Towards the end of the school year, during a particularly hard time in our course of infertility treatment, I found myself on a street full of smaller houses with detached garages and small front yards. I was walking slowly, admiring the froth of pink and purple flowers spilling out from under porches and the clematis that climbed the wrought iron railings. As I passed one house a woman on the front porch called to me.
“Wait up! Wait up!” she said, waving. “Would you walk with me?”
I stood in the driveway as she made her way down the porch steps. She was an elderly woman wearing a khaki trench coat with a blue gauzy scarf tied over her hair.
“I like to go for a morning walk,” she said. “But I worry about falling. Most mornings my friend comes with me but she’s busy today so I thought I’d wait and see if someone came by.”
She took my arm and we started walking. She had a dedicated route so I let her lead the way and my pace slowed down considerably as we made our way around her block.
We talked about her sons and their children. We talked about their jobs and their wives and their troubles. She told me about her husband who she divorced when her sons were teens. She was matter-of-fact and a little bossy. I’ve always been partial to bossy women so I liked her.
When she asked about my own family, my throat caught when I told her I had an only child and I found myself confessing to her that we were unsuccessfully trying to have another one. I was hoping she’d say something prescient (in those days I was always looking for signs) so my heart skipped when she said, “Oh well, you’ll have another baby” but then she added, “Or not.” She shrugged.
I could barely hear her after the shrug. The shrug hurt. “Or not,” she said, dismissively. I tuned out her chattering as we rounded the corner back towards her house. When we arrived at her driveway and she let my arm go to make her way back inside, I was happy to leave her. I didn’t know her name and I didn’t care to know it.

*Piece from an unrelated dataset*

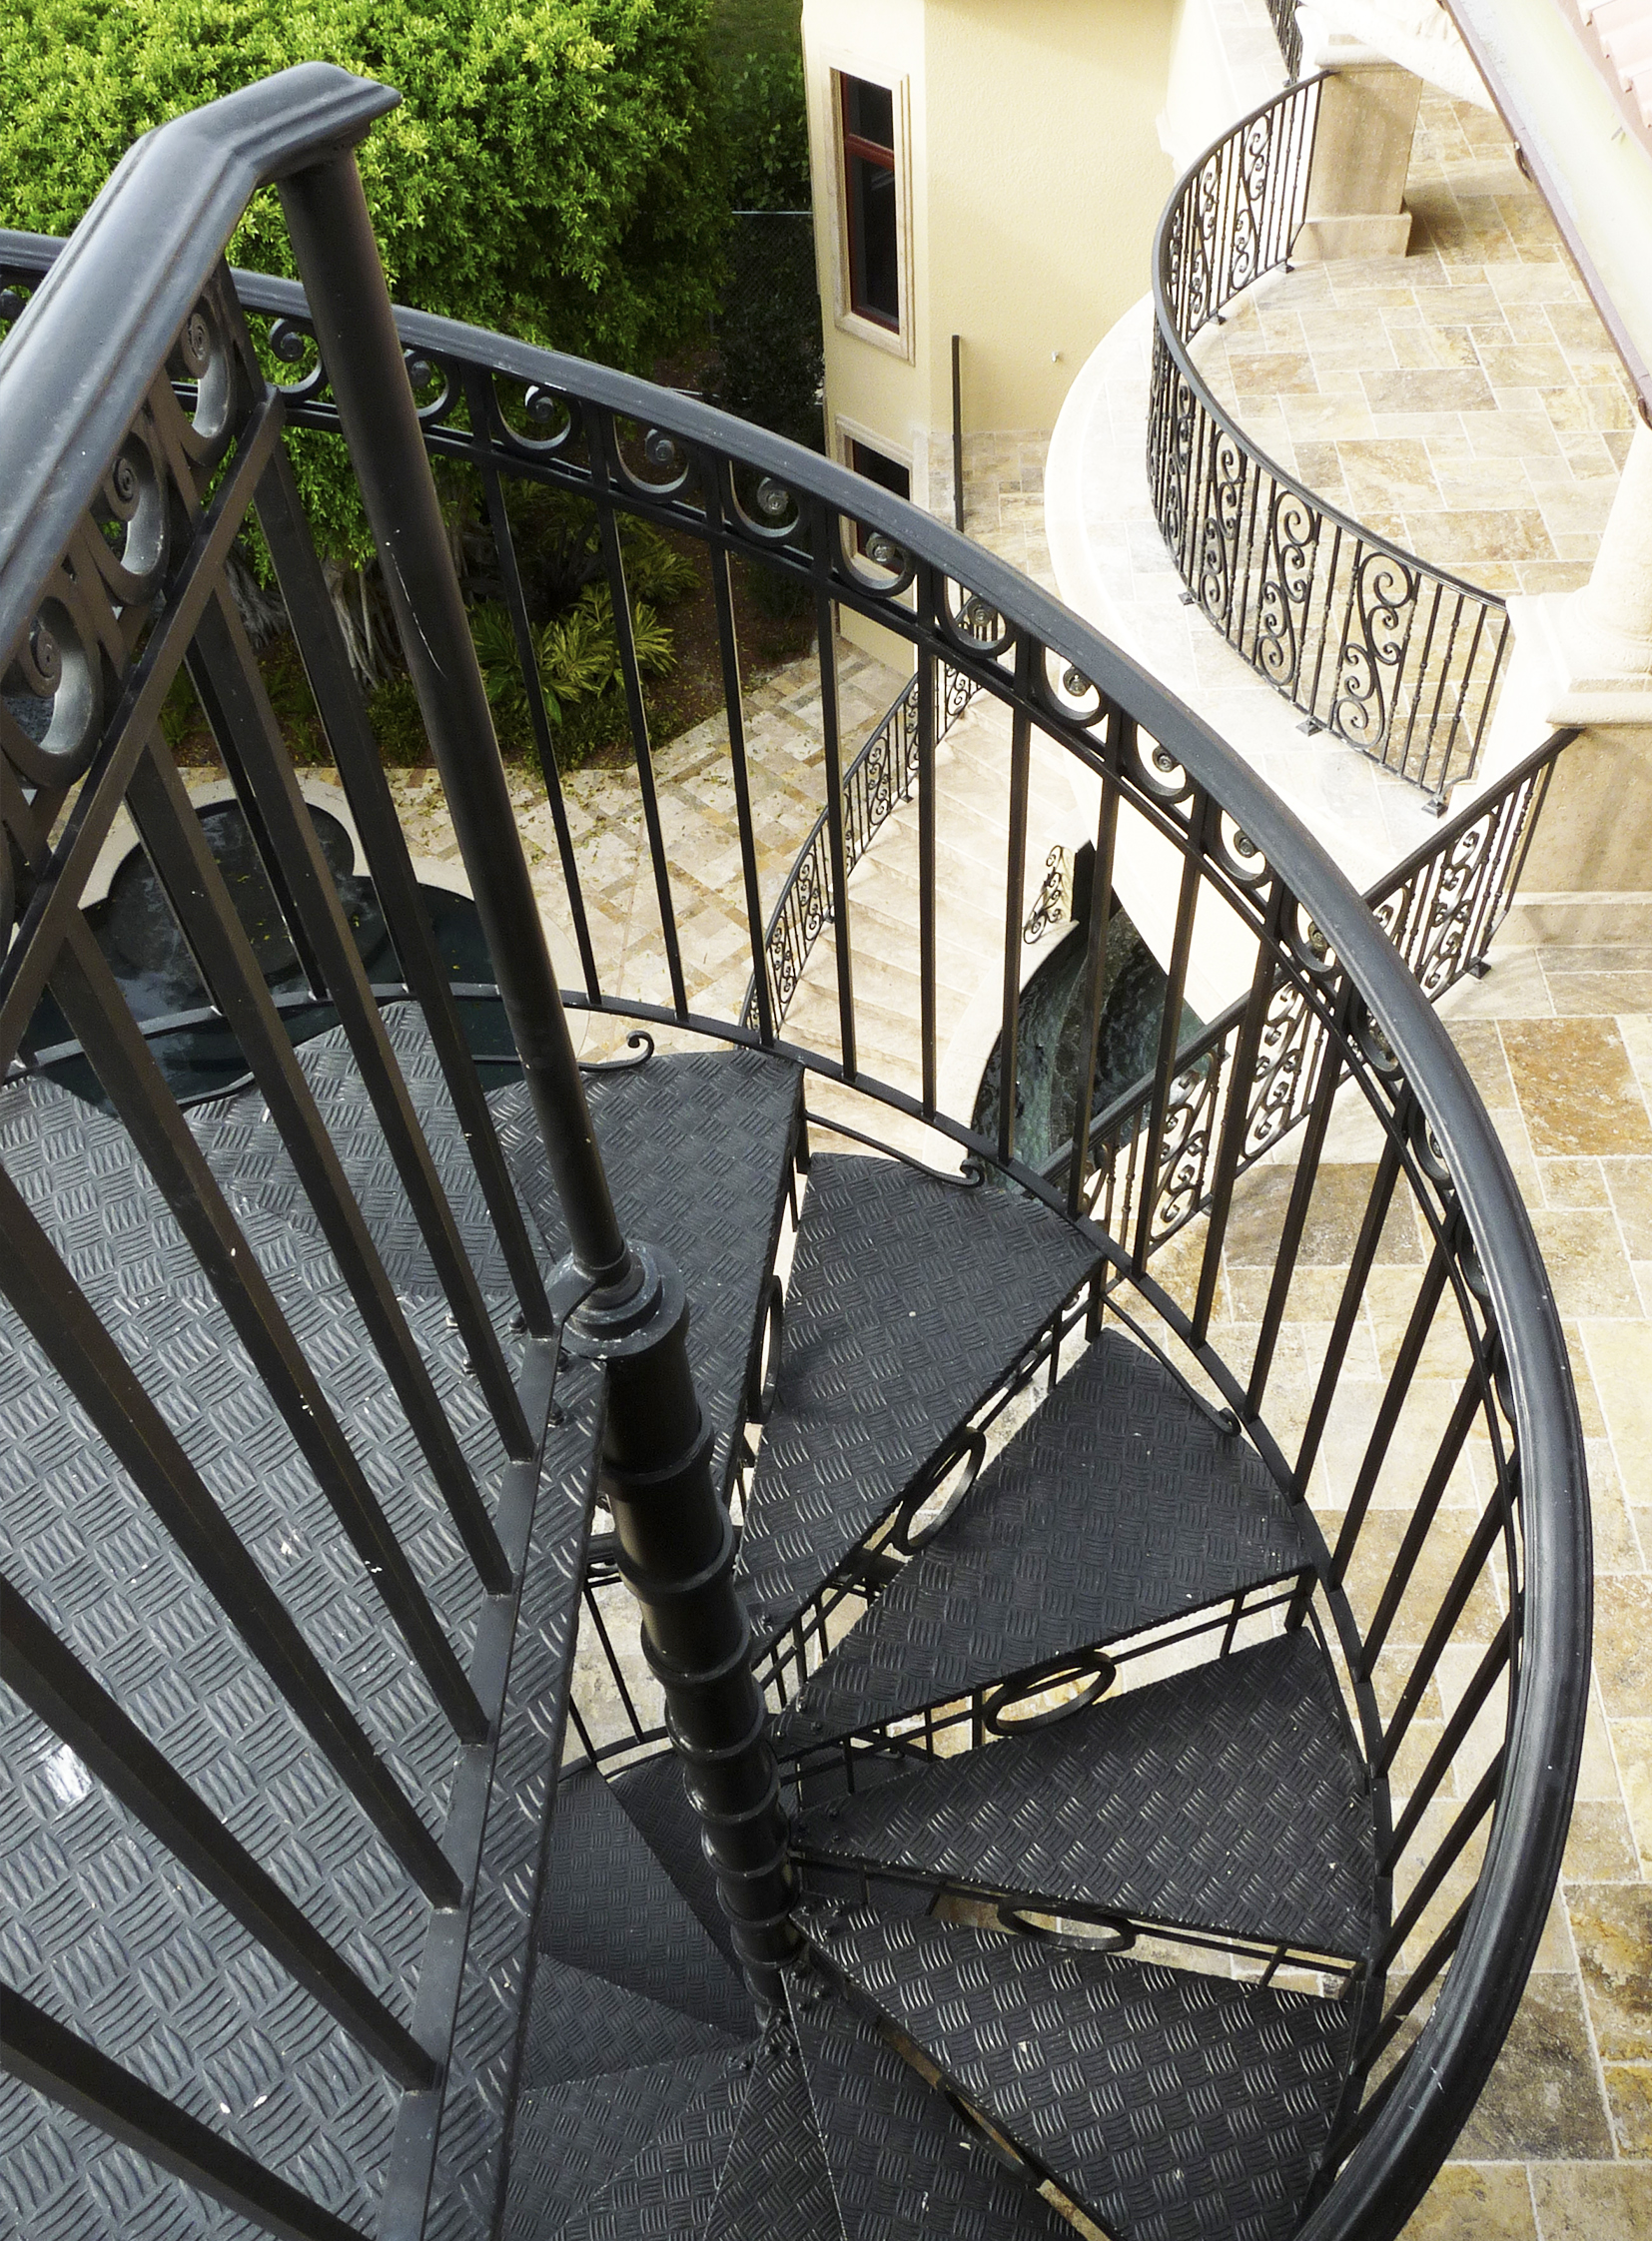 The Spiral Stair Attraction 6 - Belt Atelier

I picked my pace back up to get to my son’s school before class let out and I fought back tears as I went.
But I was thinking about it. I thought about it while I collected my son and helped him buckle his carseat. I thought about it on the drive home. I thought about it while I fixed the after school snack.

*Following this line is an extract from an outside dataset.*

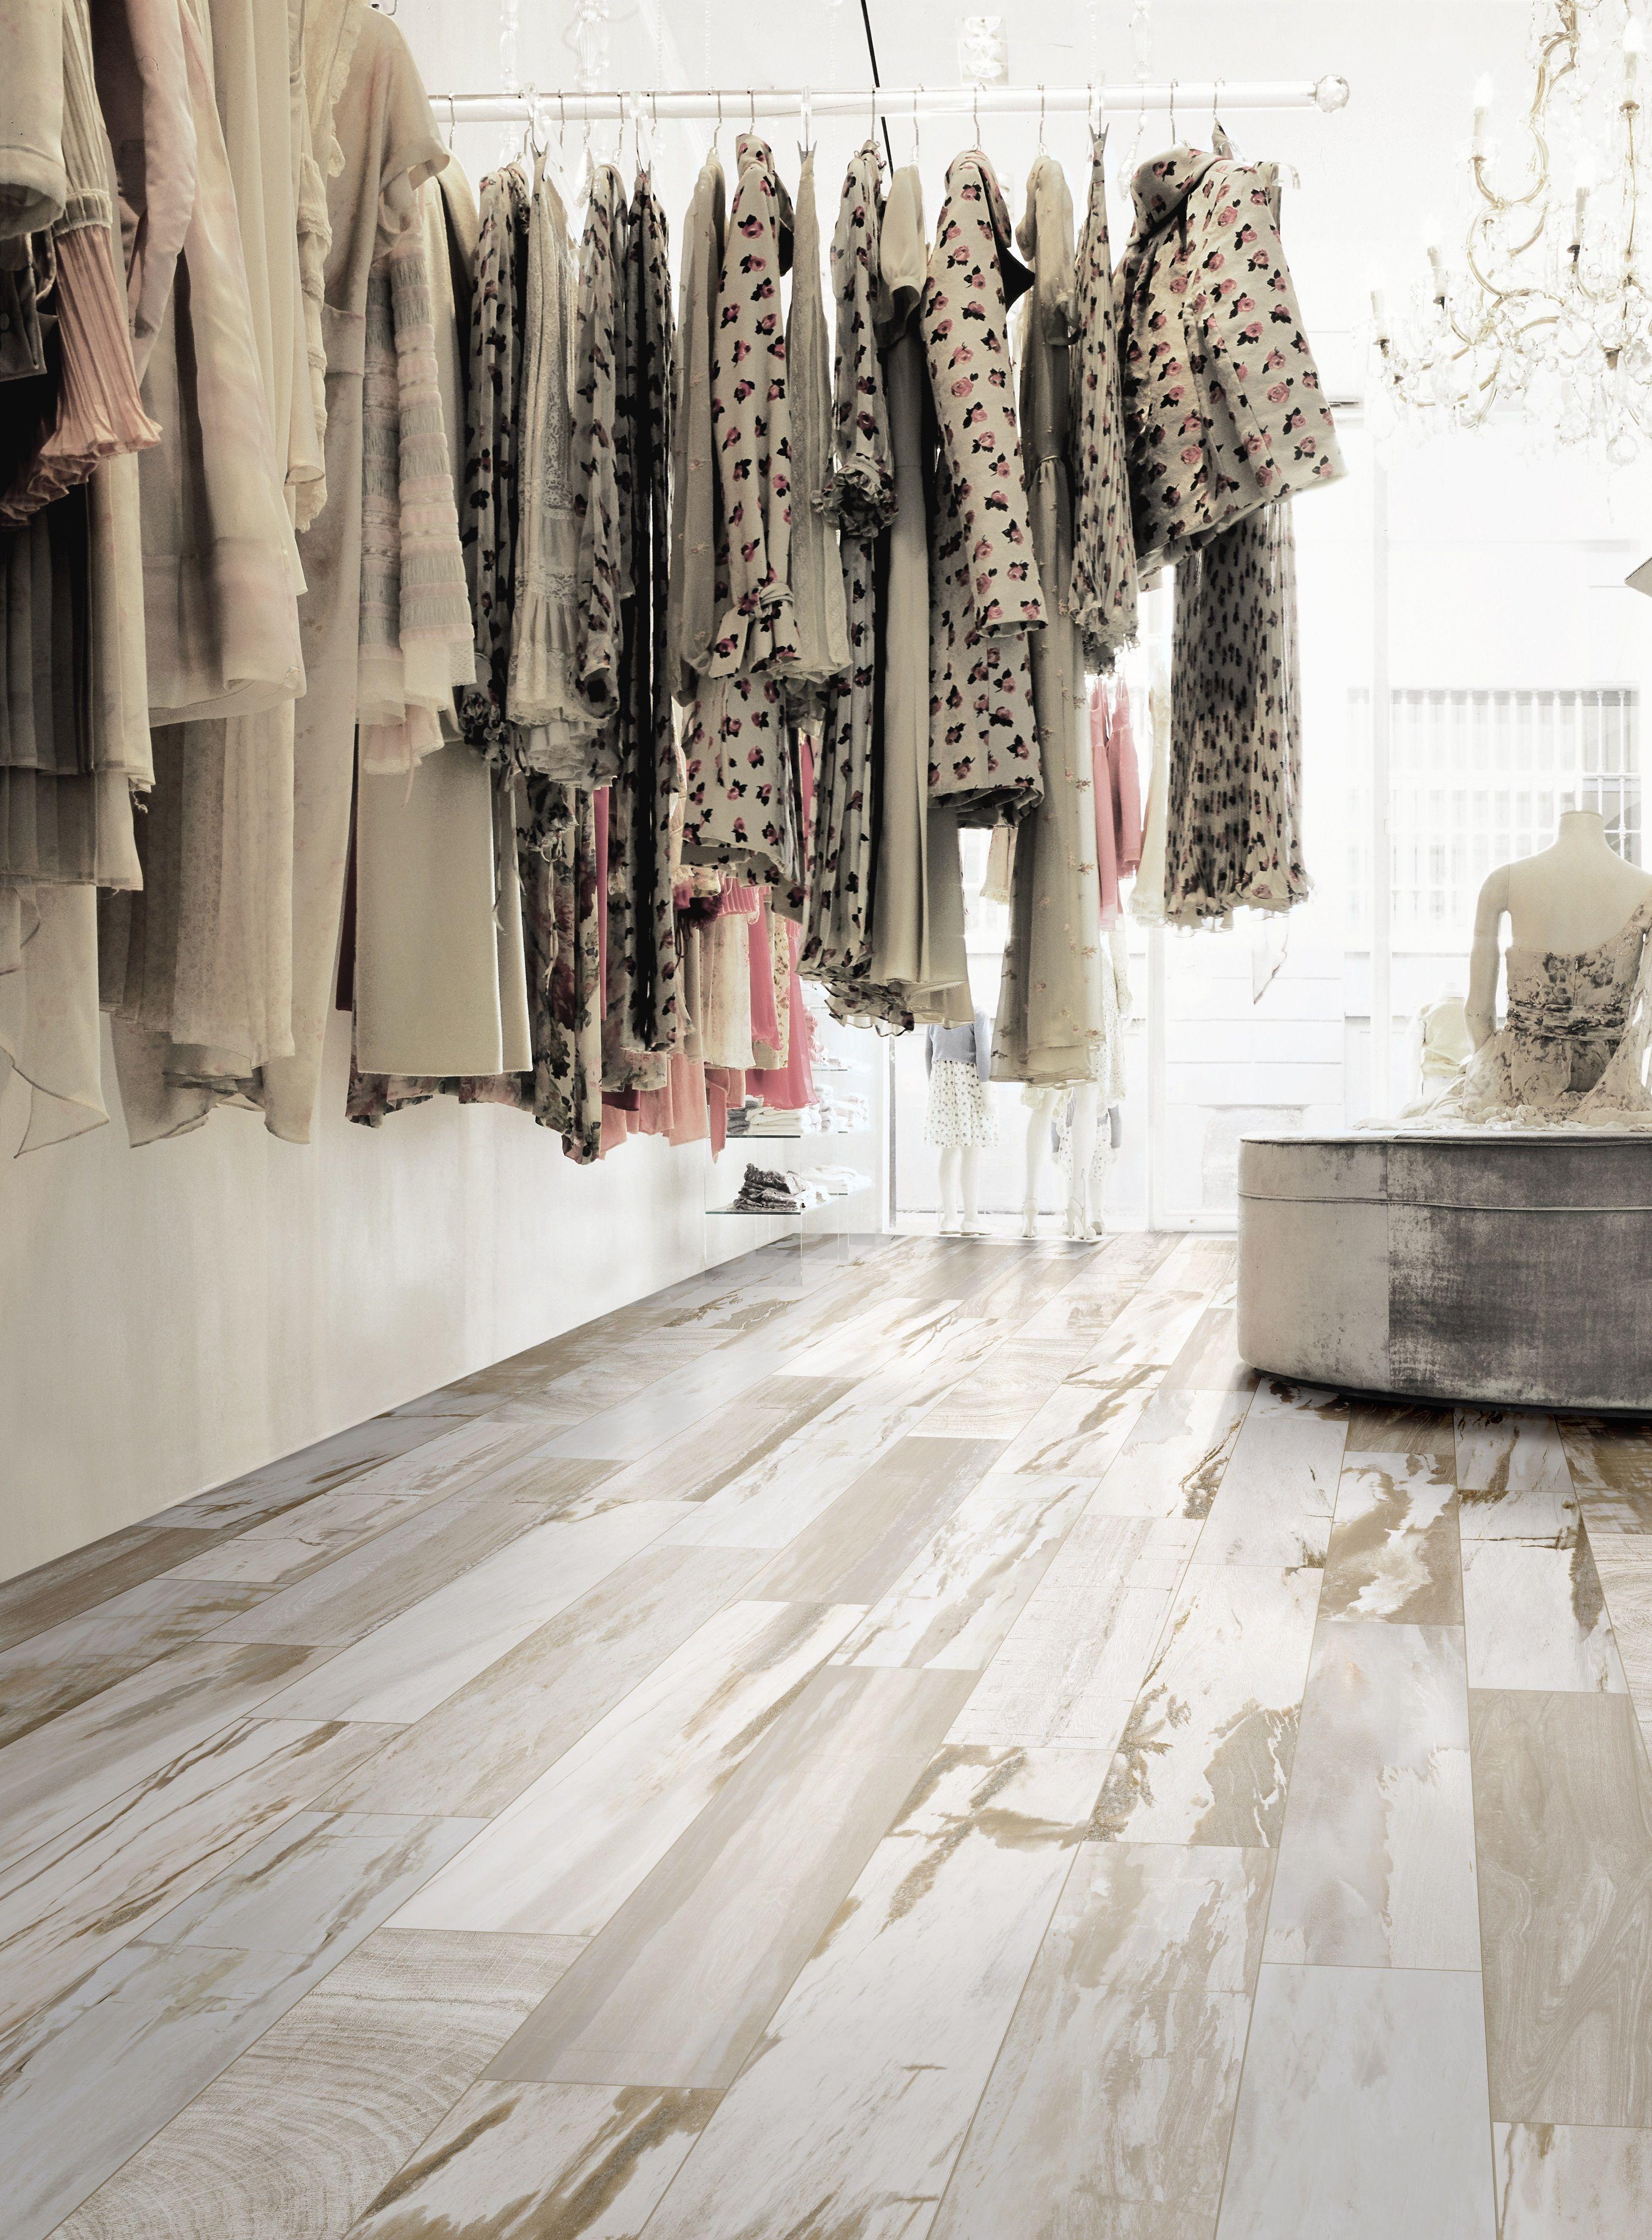 Wow summer 6x36 tile plank floors retaildesign interiordesign wow summer 6x36 tile plank floors retaildesign interiordesign boutique dailygadgetfo Images

At first I ran her words over in my mind as a way to relive the hurt, like pressing a bruise for no good reason. How dare she! She couldn’t even spare a moment of sympathy? So like the rest of the world! So unfair! So bitter and sad and mean! Everything that infertility already was, tied up in those two dismissive words.

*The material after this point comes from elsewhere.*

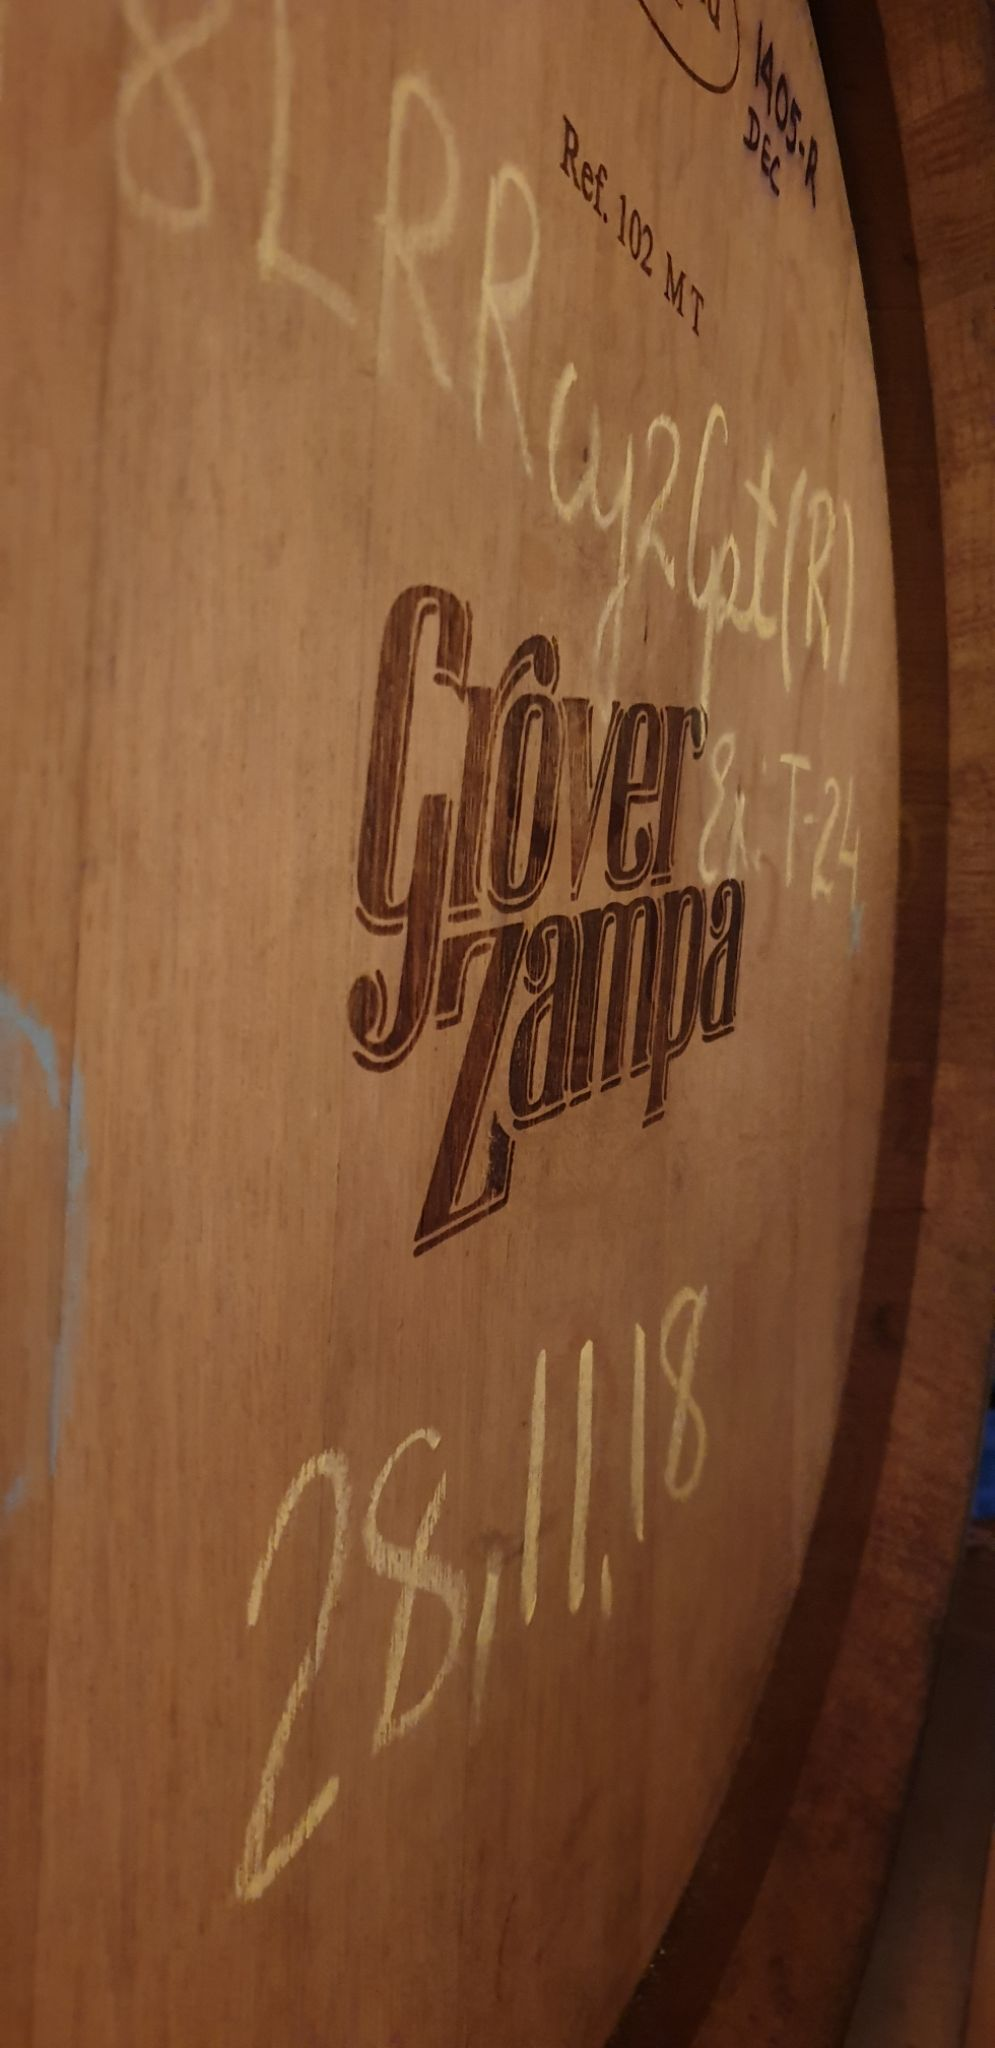 Photo of Grover Zampa Vineyards By WanderingBytes

But as the afternoon wore on I started thinking about how things look from an 80-something year perspective. I thought about how many life crises she must have experienced and witnessed happening to her friends and to the people she loved. I realized that at some point in my own life this would be a particular crisis that I would no longer be living. It would be a crisis I had already gone through and I would know the ending. I wouldn’t be here, stuck in the not knowing. Someday, if luck was on my side, I would be eighty-something, too, and I would no longer be an infertile woman. I would have another baby … or not.
And when I thought of that, I was no longer so angry at my walking companion. Instead I realized that this was my first peek — my very first peek — at resolution. I was still knee deep in my experience but when I think back, I see that was my first therapeutic moment towards an end point. That’s when I finally saw a light way, way, way off in the distance.